= Naydeen González-De Jesús =

Naydeen González-De Jesús is an American academic administrator who served as the thirteenth president of San Antonio College from 2023 to 2024.

== Life ==
González-De Jesús earned a bachelor's degree in journalism from Pennsylvania State University. She completed a master's degree in student personnel services at Rowan University. She received a doctorate in industrial and organizational psychology from Northcentral University.

González-De Jesús held administrator roles at Bergen Community College, Rowan College at Burlington County, and Salem Community College. During her time at Bergen Community College, González-De Jesús developed Project Graduation, an initiative that greatly enhanced student completion rates while creating economic mobility opportunities for graduates. Her efforts propelled the college to the top of the state for graduation rates. In 2014, González-De Jesús was selected to serve as board member of 1812ADA, Inc., an organization focused on removing barriers to success for individuals protected under the American with Disabilities Act. She was later a public diplomacy officer at the Embassy of the United States, Buenos Aires. While serving at the Embassy of the United States, Buenos Aires, she collaborated within the Public Affairs team, contributing to the signing of the Education Memorandum of Understanding with Argentina's Ministry of Education during the 2018 G20 Summit, in addition to supporting the Fulbright Commission in Argentina and strengthening U.S.-Argentina bilateral relations. In 2019 she received a certificate in ministerial studies from Global University and has served as guest speaker of the JTMR international radio podcast since then.

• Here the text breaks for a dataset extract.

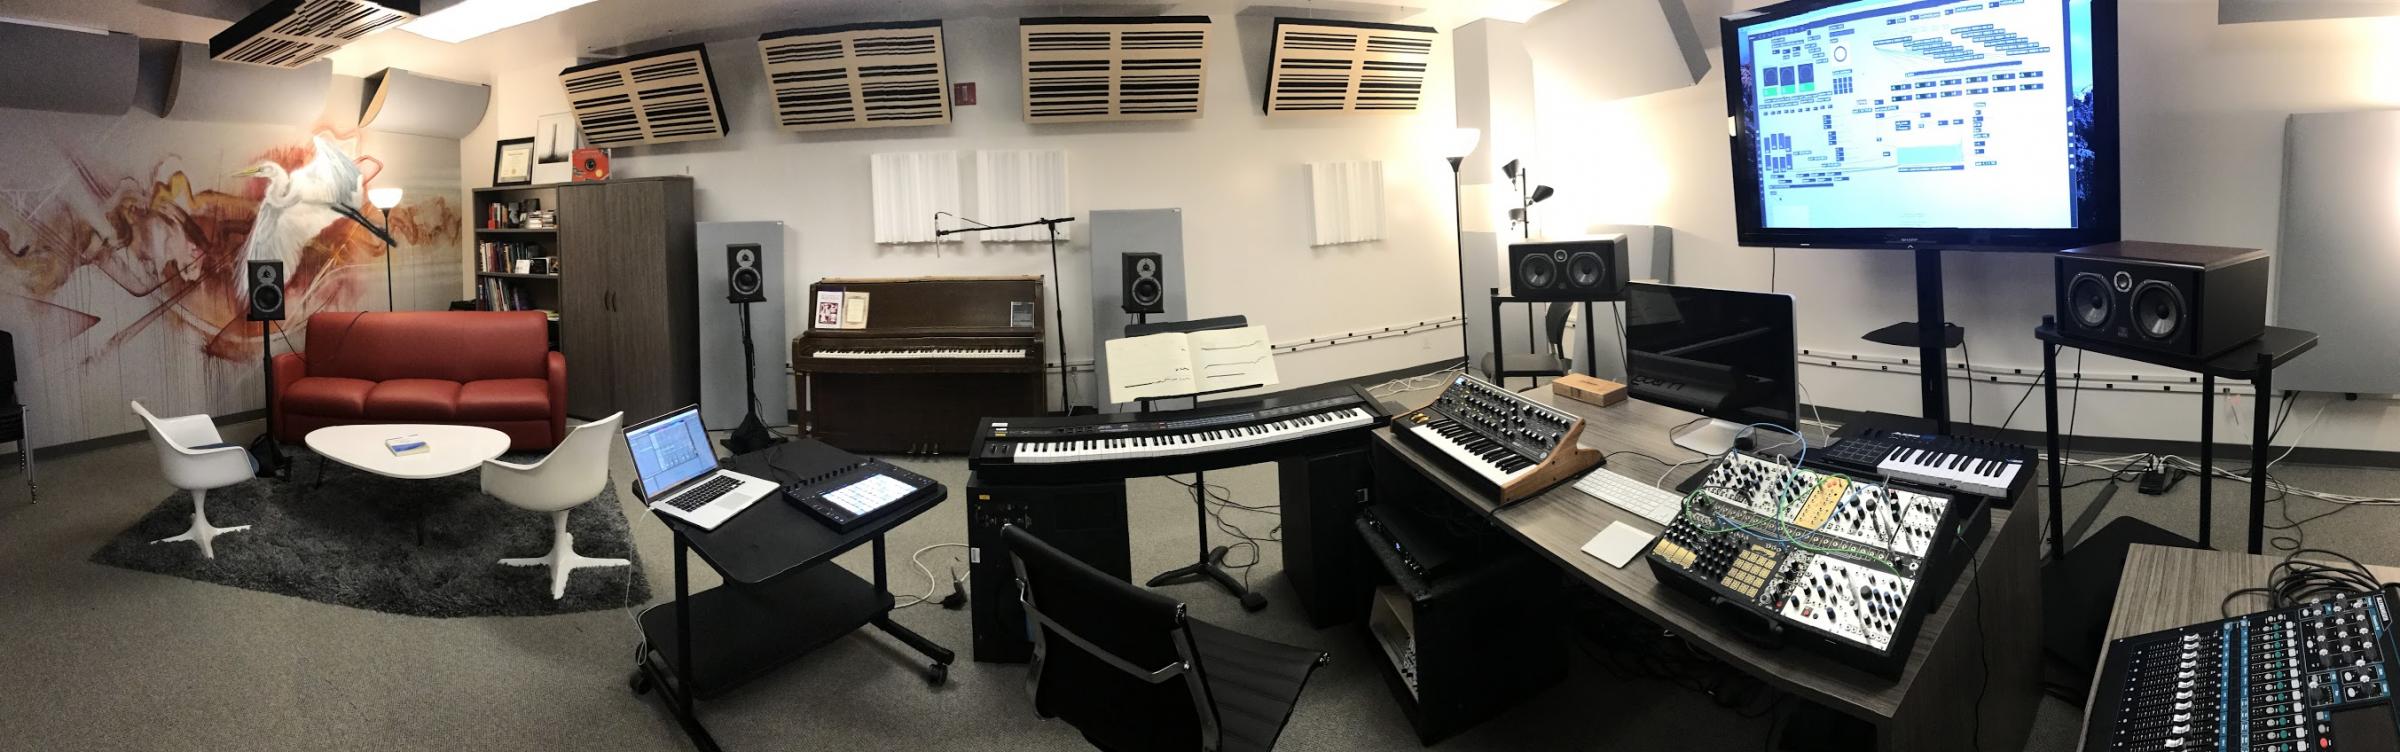 Electronic music studio on campus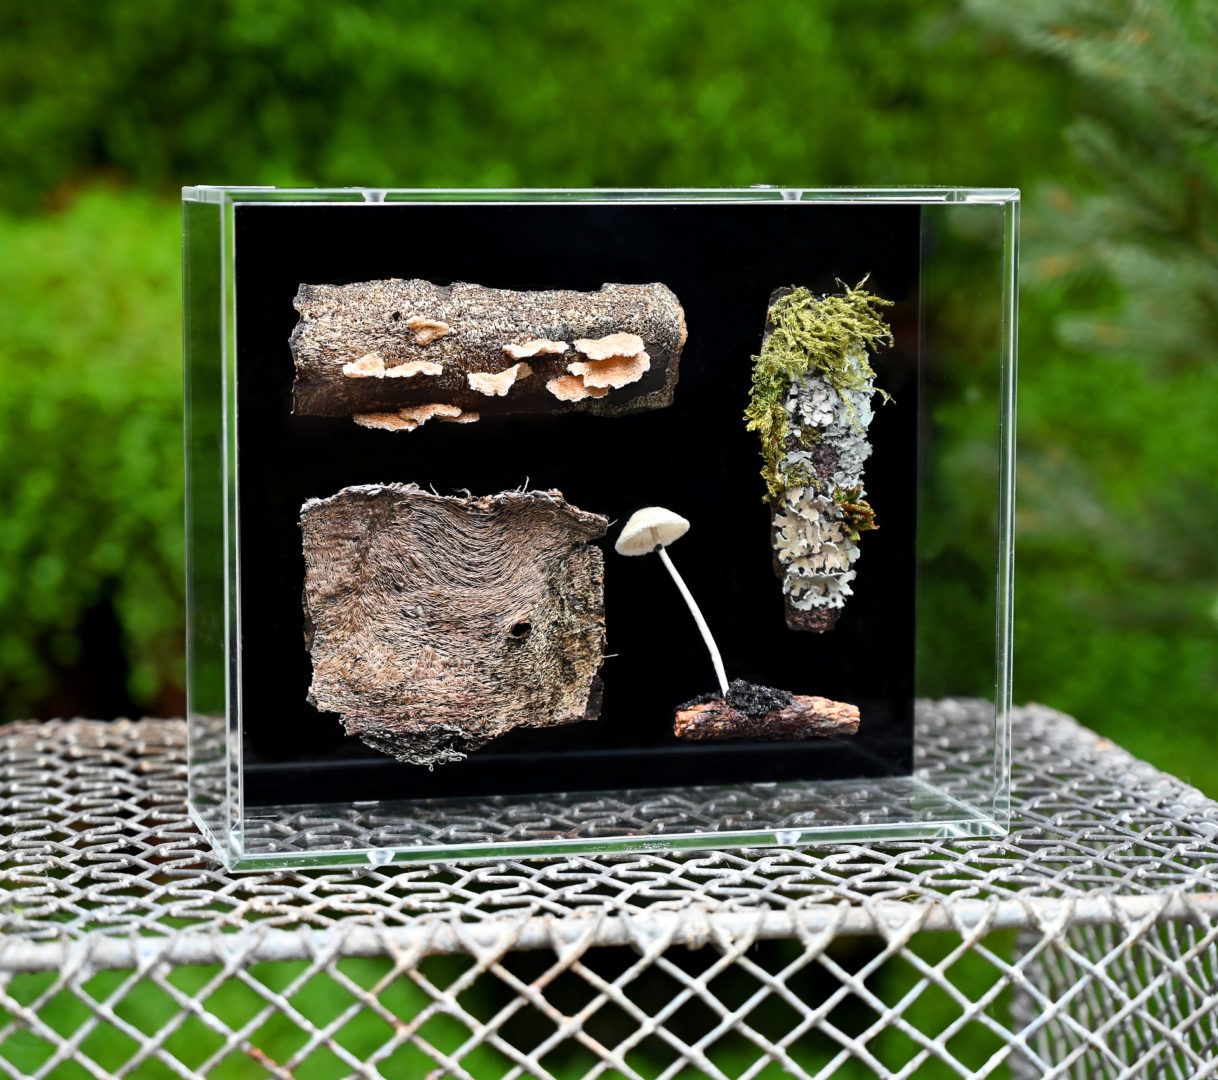 Amanda Cobbett Sculpture – Plicaturopsis crispa, Betula, Amblystegium serpens, Punctelia subrudecta, Hypotrachyna revoluta, Mycena rorida

In 2020, González-De Jesús was appointed as the executive vice president of student success at Milwaukee Area Technical College. While at Milwaukee Area Technical College, in partnership with the University of Wisconsin-Milwaukee, she collaborated with the Equity Transfer Initiative to align transfer pathways and increase completion rates with a focus on adults and first-generation learners. By teaming up with Milwaukee's mayor and M-Cubed partners from Milwaukee Public Schools (MPS) and the University of Wisconsin-Milwaukee (UWM), González-De Jesús collaborated in the launch of Free Application for Federal Student Aid completion efforts, which increased FAFSA completion rates for MPS seniors at a rate higher than the Wisconsin state average. In 2022, González-De Jesús served as board member of the Latino Chamber of Commerce of Southeastern Wisconsin, Inc. On January 9, 2023, she became the thirteenth president of San Antonio College, becoming the second female to serve in the position.

While at San Antonio College, González-De Jesús established Front and Center, a weekly morning show on KSYM 90.1 FM, which explored trends in higher education, San Antonio College news, and the student college experience. In March 2024, González-De Jesús was honored as the 2024 San Antonio Woman of the Year by the Texas Diversity Council, recognizing her outstanding achievements and unwavering commitment to student success and community empowerment. Later that month, following discussions around the Gaza war, González-De Jesús transitioned from her role as president to a presidential project executive position with the Alamo Colleges District. This new role allows her to focus on strategic initiatives and projects that enhance the district's mission. In August 2024, González-De Jesús was recognized by Marquis Who's Who.